Construction method of earth retaining wall without wale}

The present invention allows the anchor body to be directly anchored to the thumb pile during earth retaining construction, thereby omitting the straps and brackets, and the brackets or fixtures for fixing the anchor body do not protrude to the front of the earth retaining wall, allowing the basement wall to be constructed as a back wall. Even when it is higher than a ground anchor, it is easy to remove the anchor, and when a composite wall is constructed without removing the anchor, there is no unnecessary concrete filling on the outside of the basement wall, so it is an economical method of beltless earth retaining construction.

When excavating the ground for the construction of an underground structure, surrounding soil or water may flow into the site, or the surrounding ground and adjacent structures may settle or collapse. Therefore, to prevent this, earth retaining construction is carried out by installing temporary structures that resist lateral pressure such as earth pressure and water pressure.

In conventional earth retaining construction, the horizontal plank pile method was mainly used, in which thumb piles such as H-piles were driven into the ground and earth plates were installed between adjacent thumb piles.

Meanwhile, when installing a retaining wall and performing ground excavation work, a multifaceted review must be conducted on ground conditions such as stress or deformation of the retaining wall and deformation of the surrounding ground, construction conditions, and excavation sequence. Accordingly, the raker method, strut method, and earth anchor method are used to stably support the lateral pressure.

Among these, the raker method or strut method reduces work efficiency because it can interfere with other processes due to the interference of the raker or strut placed in the field.

Therefore, if conditions allow for anchor construction in an adjacent site, the ground anchor method is advantageous as there are no interference factors within the site.

As shown in FIG. 1, the earth retaining method using an earth anchor installs a strip 200 in the horizontal direction on the front of the earth anchor, installs a bracket 300 on the front of the strip 200, and anchors the anchor body by the anchor 400. Settlement 100. After completion of the retaining construction, the anchor body 100 is removed by cutting it with an oxygen cutter, etc. in the space between the retaining retaining material and the bracket 300, if necessary.

This conventional earth anchor earth retaining method requires the installation of a separate wale, requires a wale support on the front of the earth retaining wall to support the strip, and the strip, brackets, and wale support protrude from the front of the earth retaining wall.

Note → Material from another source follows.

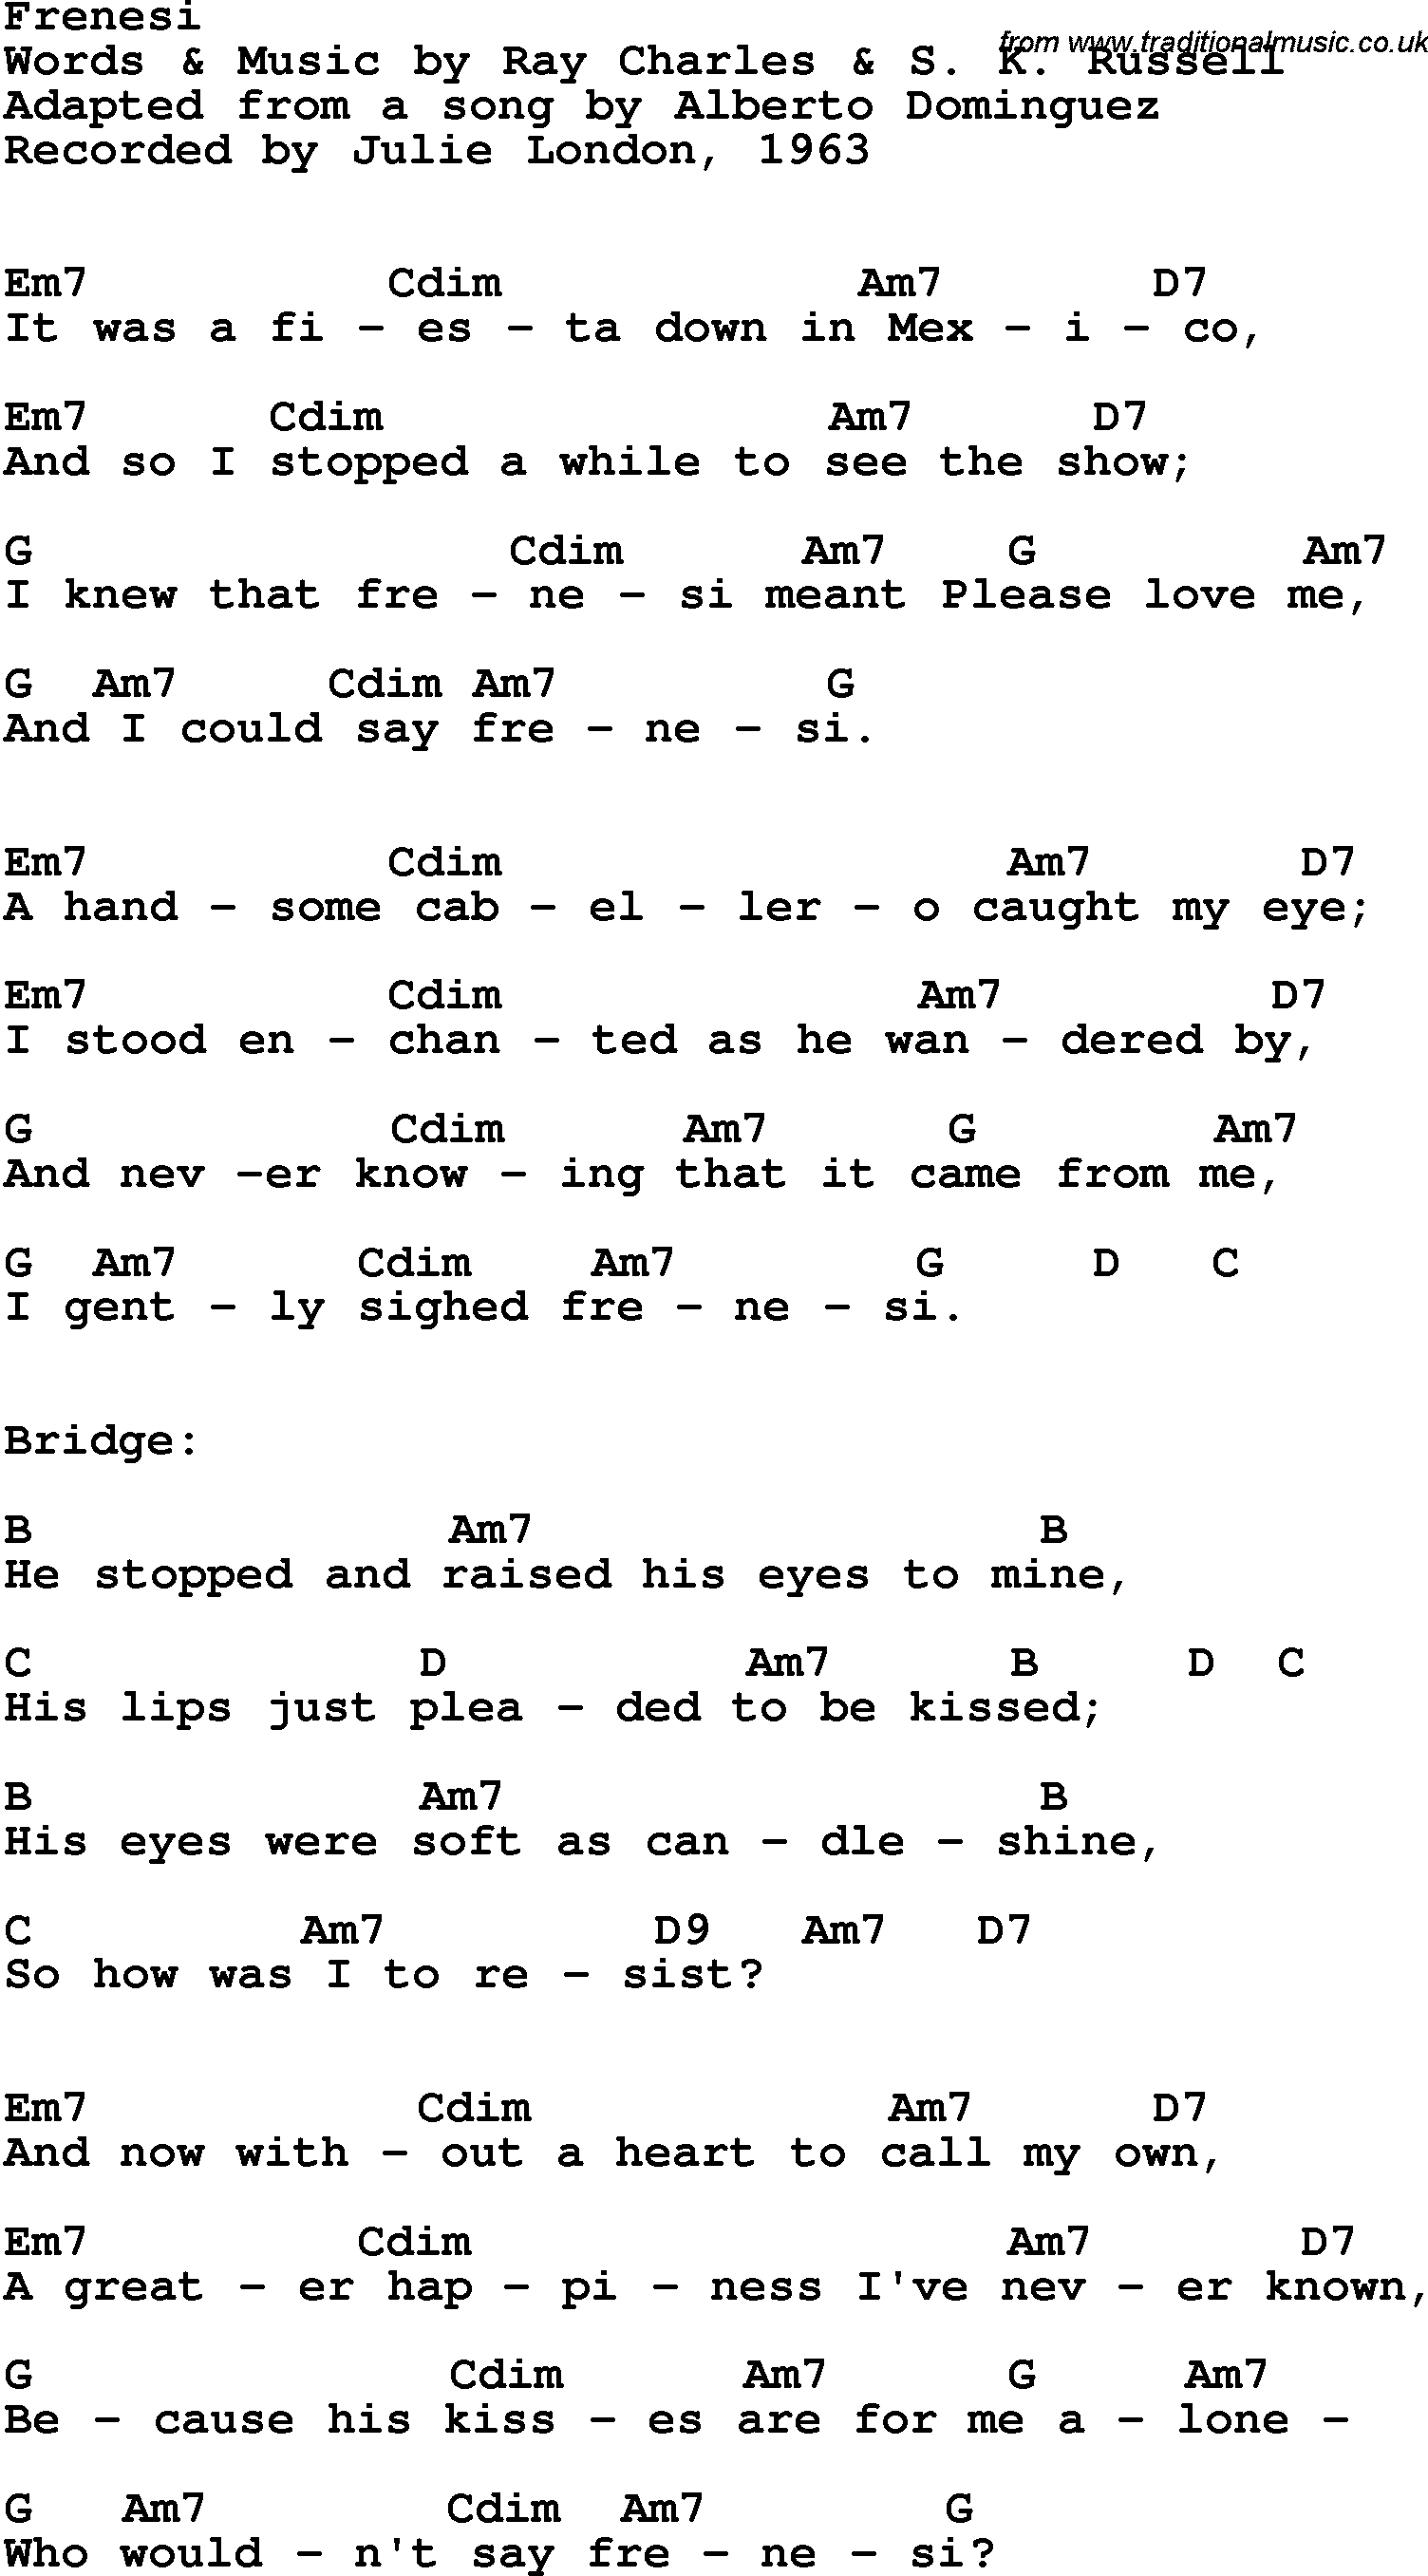 Song Lyrics with guitar chords for Frenesi - Julie London, 1963
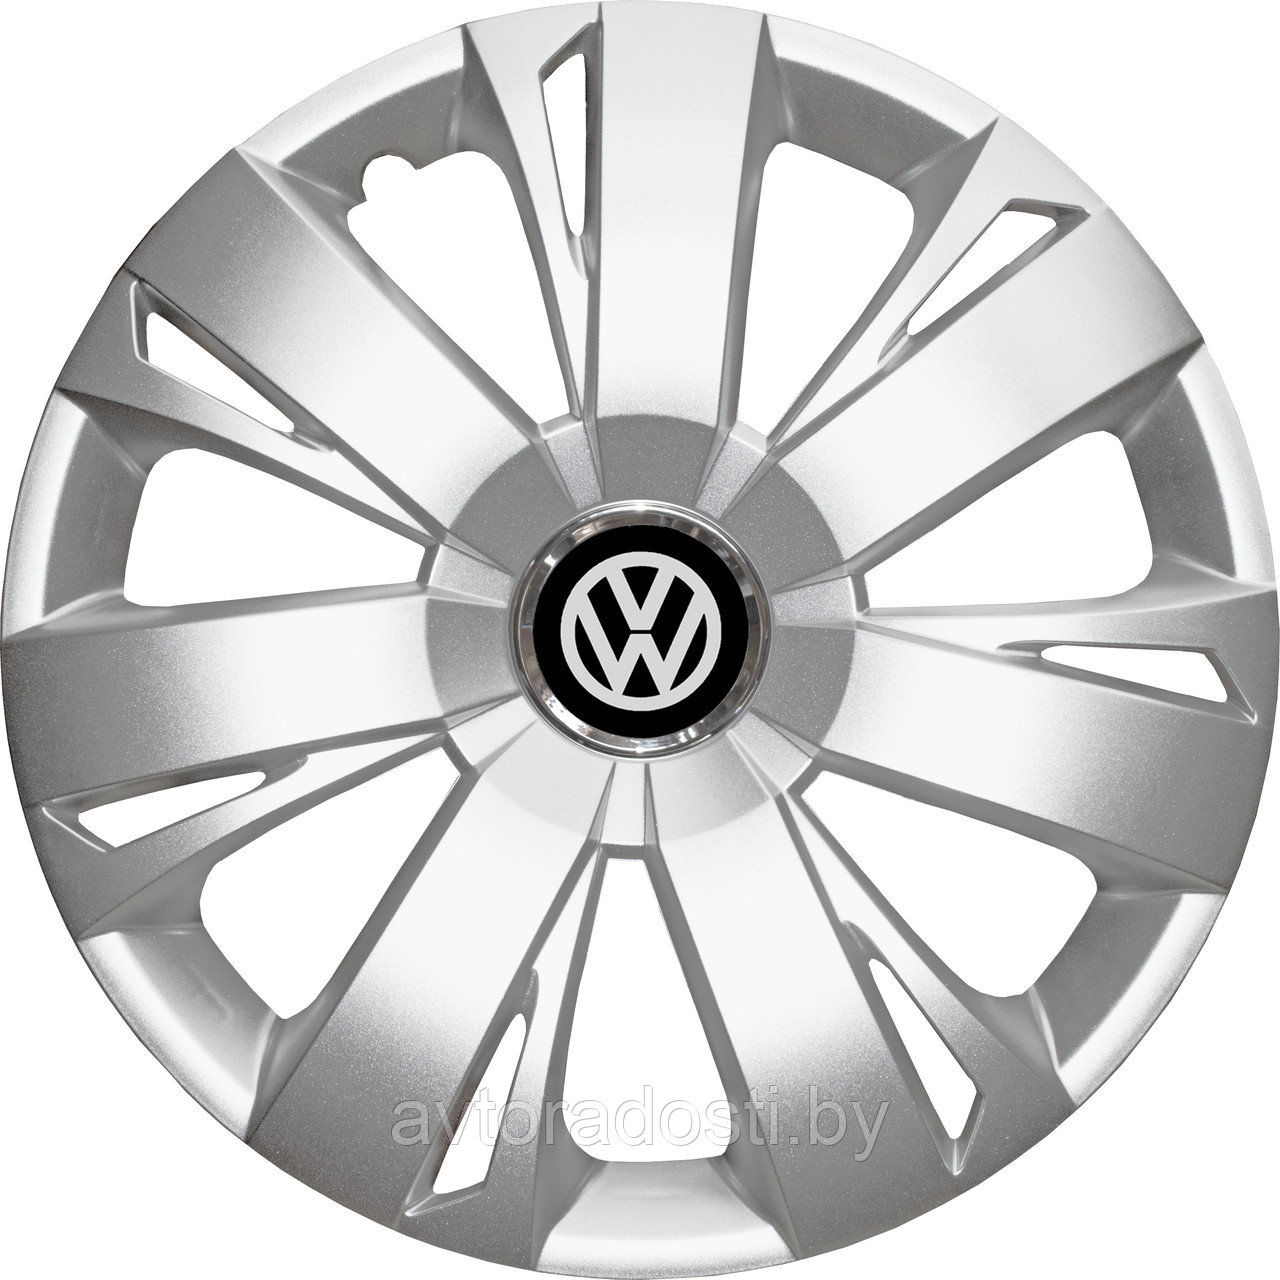 Колпаки на колеса SJS модель 411 / 16"+ комплект значков Volkswagen

In particular, when constructing a basement exterior wall with a back wall where formwork is installed on both sides of the wall, it is necessary to secure work space for formwork installation. However, when the wale and bracket protrude, the wale and bracket interfere, so overcutting is required to secure sufficient work space, which increases the amount of earthwork.

In addition, when the basement exterior wall is constructed as a composite wall, there is a problem that the amount of concrete poured for the composite wall increases significantly due to the protruding parts of the strips and brackets.

Therefore, a method of removing the strips and brackets can be considered. If it is difficult to match the basement floor height and the vertical spacing of the ground anchors in the construction plan, the ground anchors must be removed from the space outside the exterior wall after building above the ground anchor height when constructing a side wall. Therefore, the work is cumbersome and difficult. In addition, when an exterior wall with a high basement level, such as a logistics warehouse, is constructed as a composite wall, it is not possible to pour the wall at once to remove the strips and brackets at each stage, and it is inconvenient to pour concrete separately for each height of the strips and brackets. There is.

Accordingly, technologies for removing the wale and fixing the anchor body on the thumb peg side have been developed, such as Japanese Patent Publication No. 11-50457, Korean Patent No. 10-0907904, etc.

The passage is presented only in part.